A CLI tool that visualizes the memory layout of Go structs, shows wasted bytes from padding, and automatically outputs an optimally packed version using the greedy sort-by-alignment algorithm.
- Parses any Go struct definition you paste into it
- Renders a color-coded byte grid of the current layout
- Field bytes are colored (one color per field)
- Internal (avoidable) padding is red
- Trailing (unavoidable) padding is gray
- Applies the optimal field ordering (largest alignment first) and renders the optimized layout
- Prints the ready-to-use optimized struct definition
Go (like C) inserts padding bytes between struct fields to keep each field aligned to its natural boundary. The order of your fields determines how much padding is inserted. Sorting fields from largest to smallest alignment eliminates all internal padding — this is provably optimal because all Go alignments are powers of two.
- Go 1.21 or later
- A terminal with ANSI color support (any modern terminal)

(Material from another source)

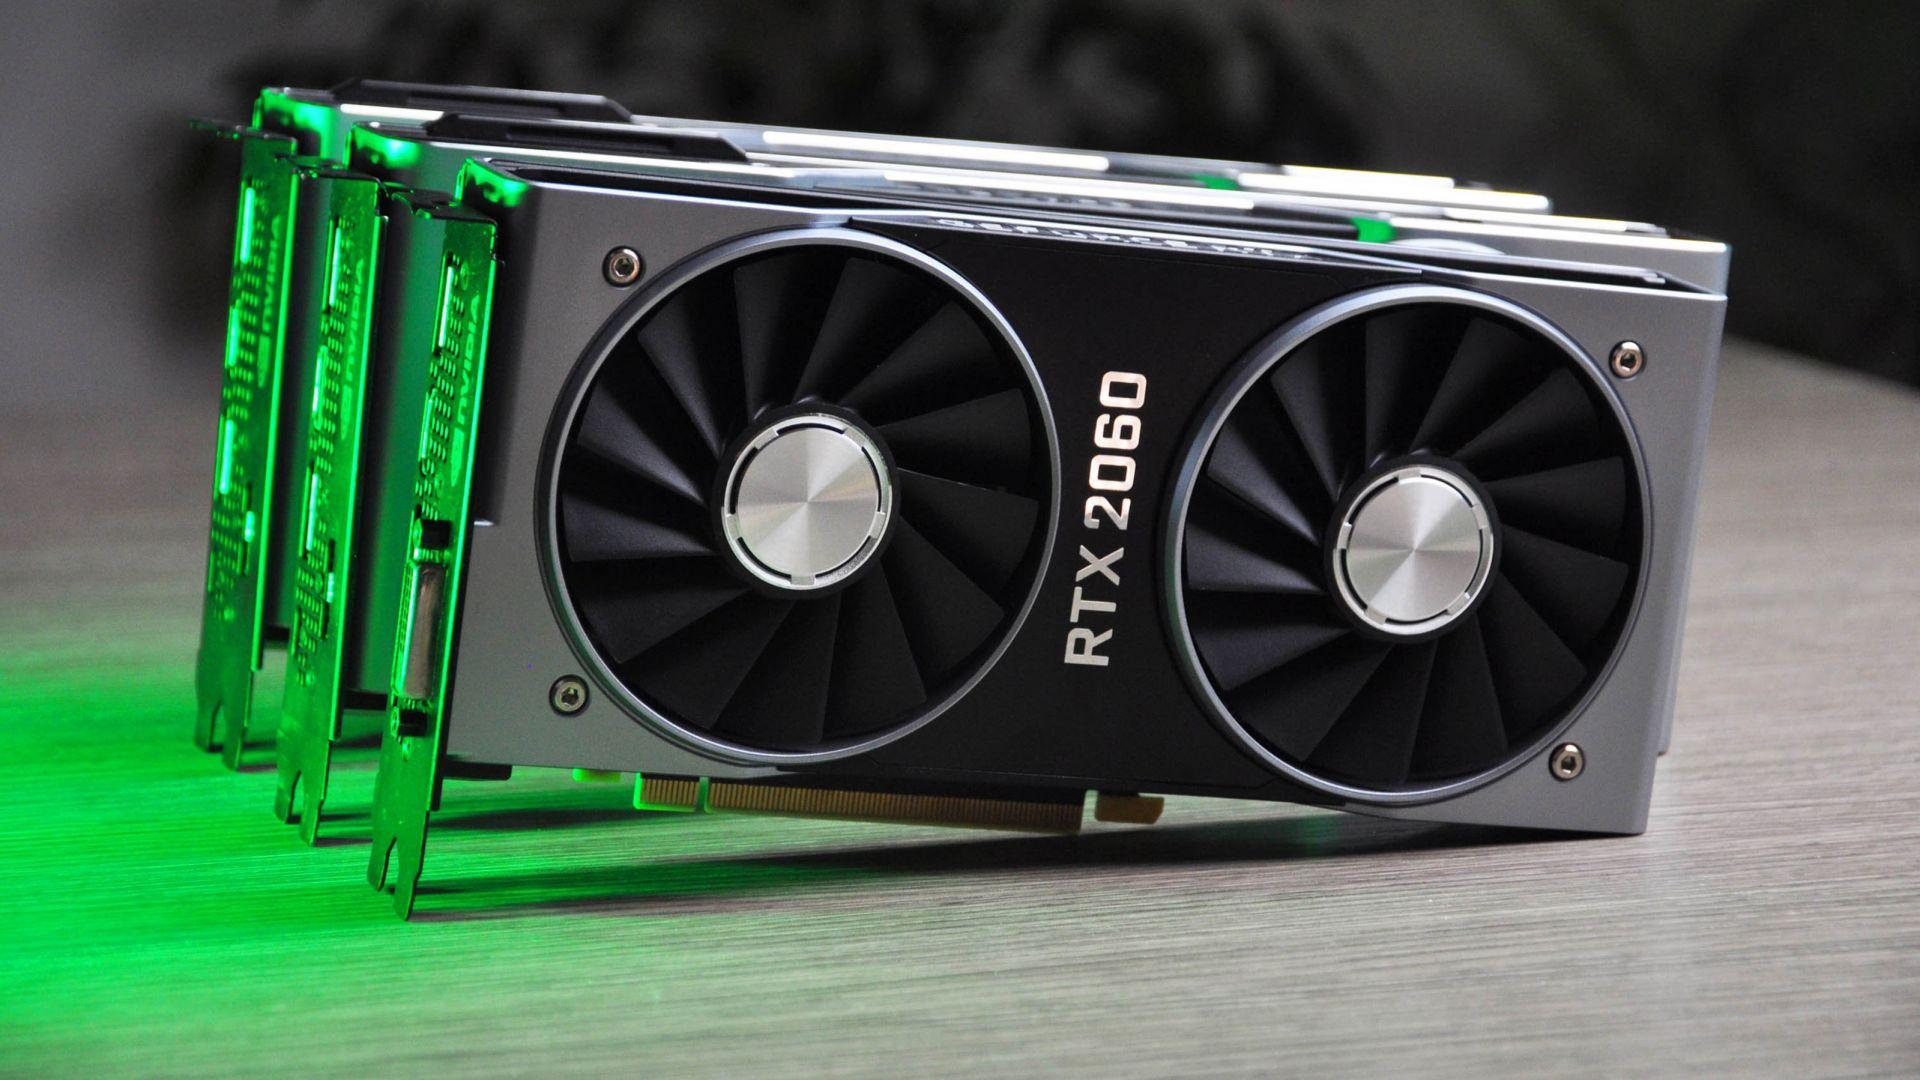 Wallpaper Nvidia GeForce RTX 2060, CES 2019, graphics card, 4K, Hi-Tech #21028

go install github.com/UcGeorge/structviz@latestOr clone and run locally:
git clone https://github.com/UcGeorge/structviz
cd structviz
go build -o structviz .Run the tool, paste your struct, then press Ctrl+D (macOS/Linux) or Ctrl+Z (Windows):
structvizOr pipe directly:
cat mystruct.go | structvizecho 'type Request struct {
Active bool
ID int64
Code int32
Name string
Flag bool
Count int16
}' | structvizAll three forms are accepted:
// Full type declaration (recommended)
type MyStruct struct {
...
}
// Bare struct keyword
struct {
...
}
// Just the body
{
...
}All built-in Go types:
| Types | Size | Alignment |
|---|---|---|
bool, byte, int8, uint8 |
1 | 1 |
int16, uint16 |
2 | 2 |
int32, uint32, float32, rune |
4 | 4 |
int, uint, uintptr, int64, uint64, float64, complex64 |
8 | 8 |
string, complex128, error |
16 | 8 |
[]T (slice header) |
24 | 8 |
*T, map[K]V, chan T, func(...) |
8 | 8 |
interface{} |
16 | 8 |
[N]T (array) |
N × sizeof(T) | align(T) |
anonymous struct{...} |
computed recursively | — |
External package types (e.g. time.Time, sync.Mutex) are not supported — use only built-in types or inline the fields manually.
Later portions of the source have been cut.